Materials provided:
★ ★ ★ ★ ★ ★ ★
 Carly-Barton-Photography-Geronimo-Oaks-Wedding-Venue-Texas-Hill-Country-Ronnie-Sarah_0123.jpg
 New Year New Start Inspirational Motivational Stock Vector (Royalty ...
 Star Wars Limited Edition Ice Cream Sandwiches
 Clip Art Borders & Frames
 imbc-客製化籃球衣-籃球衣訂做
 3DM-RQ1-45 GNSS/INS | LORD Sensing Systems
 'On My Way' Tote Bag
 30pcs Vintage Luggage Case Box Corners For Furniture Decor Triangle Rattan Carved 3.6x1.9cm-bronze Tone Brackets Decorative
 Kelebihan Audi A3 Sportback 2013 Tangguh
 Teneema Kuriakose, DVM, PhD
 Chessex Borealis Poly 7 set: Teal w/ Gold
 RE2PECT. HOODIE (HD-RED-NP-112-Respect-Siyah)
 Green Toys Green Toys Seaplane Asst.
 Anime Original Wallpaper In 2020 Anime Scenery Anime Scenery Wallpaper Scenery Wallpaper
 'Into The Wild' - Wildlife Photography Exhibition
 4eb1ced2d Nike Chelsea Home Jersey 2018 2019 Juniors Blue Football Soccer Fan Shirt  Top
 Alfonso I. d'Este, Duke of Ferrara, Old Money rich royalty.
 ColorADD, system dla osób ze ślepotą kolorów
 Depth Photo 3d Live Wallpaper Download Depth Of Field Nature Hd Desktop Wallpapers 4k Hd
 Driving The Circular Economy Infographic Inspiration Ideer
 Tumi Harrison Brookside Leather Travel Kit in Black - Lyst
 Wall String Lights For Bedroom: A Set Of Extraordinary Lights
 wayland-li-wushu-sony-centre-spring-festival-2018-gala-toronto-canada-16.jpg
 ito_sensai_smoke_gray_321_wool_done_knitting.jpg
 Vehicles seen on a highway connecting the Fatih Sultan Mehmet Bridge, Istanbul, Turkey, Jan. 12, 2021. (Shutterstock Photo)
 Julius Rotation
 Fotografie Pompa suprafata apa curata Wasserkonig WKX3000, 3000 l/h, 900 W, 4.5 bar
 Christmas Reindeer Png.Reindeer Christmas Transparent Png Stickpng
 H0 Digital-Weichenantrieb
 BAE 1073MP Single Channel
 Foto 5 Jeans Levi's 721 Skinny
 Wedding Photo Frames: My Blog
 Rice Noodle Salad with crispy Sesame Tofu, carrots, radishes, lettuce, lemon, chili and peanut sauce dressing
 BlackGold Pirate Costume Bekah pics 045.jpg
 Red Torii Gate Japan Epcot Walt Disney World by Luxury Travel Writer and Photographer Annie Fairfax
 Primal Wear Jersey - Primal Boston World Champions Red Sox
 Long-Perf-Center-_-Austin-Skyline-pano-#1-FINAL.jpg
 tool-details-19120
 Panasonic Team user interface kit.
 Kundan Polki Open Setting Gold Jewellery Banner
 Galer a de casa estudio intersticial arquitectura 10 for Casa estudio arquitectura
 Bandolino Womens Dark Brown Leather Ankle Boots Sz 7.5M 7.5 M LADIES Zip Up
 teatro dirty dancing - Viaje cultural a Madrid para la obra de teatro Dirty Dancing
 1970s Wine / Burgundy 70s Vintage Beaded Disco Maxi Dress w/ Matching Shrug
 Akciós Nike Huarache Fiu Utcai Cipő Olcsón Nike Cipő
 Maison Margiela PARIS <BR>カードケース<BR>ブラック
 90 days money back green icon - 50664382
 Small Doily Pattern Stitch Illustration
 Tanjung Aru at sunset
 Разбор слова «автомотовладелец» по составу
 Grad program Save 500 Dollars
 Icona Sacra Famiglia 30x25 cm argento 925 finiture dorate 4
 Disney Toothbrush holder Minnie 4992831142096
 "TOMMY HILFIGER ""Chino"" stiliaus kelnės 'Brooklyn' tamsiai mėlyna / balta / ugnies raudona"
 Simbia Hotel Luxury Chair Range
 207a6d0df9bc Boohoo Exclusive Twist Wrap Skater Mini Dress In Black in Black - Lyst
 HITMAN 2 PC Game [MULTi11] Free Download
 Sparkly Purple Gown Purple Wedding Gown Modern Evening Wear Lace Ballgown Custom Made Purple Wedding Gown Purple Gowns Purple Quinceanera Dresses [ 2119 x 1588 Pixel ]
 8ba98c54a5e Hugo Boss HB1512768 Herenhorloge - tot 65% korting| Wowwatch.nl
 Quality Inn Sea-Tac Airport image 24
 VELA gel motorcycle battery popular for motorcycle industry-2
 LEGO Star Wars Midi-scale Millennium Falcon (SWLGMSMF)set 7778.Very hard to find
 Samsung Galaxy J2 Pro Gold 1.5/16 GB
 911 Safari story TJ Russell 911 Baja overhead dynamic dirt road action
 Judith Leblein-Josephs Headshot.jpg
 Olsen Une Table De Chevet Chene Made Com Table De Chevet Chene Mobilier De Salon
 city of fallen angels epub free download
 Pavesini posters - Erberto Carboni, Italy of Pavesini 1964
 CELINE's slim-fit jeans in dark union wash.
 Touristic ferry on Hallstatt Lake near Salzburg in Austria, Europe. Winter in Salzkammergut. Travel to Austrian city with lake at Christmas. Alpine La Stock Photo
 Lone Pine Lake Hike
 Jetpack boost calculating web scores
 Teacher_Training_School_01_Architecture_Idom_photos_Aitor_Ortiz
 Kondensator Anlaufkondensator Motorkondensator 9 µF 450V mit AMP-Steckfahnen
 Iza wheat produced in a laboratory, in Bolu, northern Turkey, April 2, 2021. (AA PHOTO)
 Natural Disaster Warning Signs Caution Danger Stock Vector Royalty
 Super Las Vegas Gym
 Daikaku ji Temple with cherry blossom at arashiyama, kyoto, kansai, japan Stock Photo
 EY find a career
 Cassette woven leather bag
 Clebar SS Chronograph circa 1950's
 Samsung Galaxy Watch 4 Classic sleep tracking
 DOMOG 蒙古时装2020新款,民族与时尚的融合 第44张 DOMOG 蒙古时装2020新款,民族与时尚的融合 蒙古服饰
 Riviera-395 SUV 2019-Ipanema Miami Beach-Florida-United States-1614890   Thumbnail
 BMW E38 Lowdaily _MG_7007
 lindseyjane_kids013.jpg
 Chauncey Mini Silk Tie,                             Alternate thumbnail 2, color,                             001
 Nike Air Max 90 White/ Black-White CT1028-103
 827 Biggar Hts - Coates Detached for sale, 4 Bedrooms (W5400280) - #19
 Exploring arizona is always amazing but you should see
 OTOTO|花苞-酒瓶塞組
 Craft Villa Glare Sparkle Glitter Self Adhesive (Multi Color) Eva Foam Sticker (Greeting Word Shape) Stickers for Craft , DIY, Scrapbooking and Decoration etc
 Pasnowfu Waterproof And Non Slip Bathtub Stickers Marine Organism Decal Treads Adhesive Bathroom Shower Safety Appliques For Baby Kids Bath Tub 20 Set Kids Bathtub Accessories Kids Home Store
★ ★ ★ ★ ★ ★ ★
Exercise details:
Find and copy each line above holding "Frames".

Answer to this task:
 Clip Art Borders & Frames
 Wedding Photo Frames: My Blog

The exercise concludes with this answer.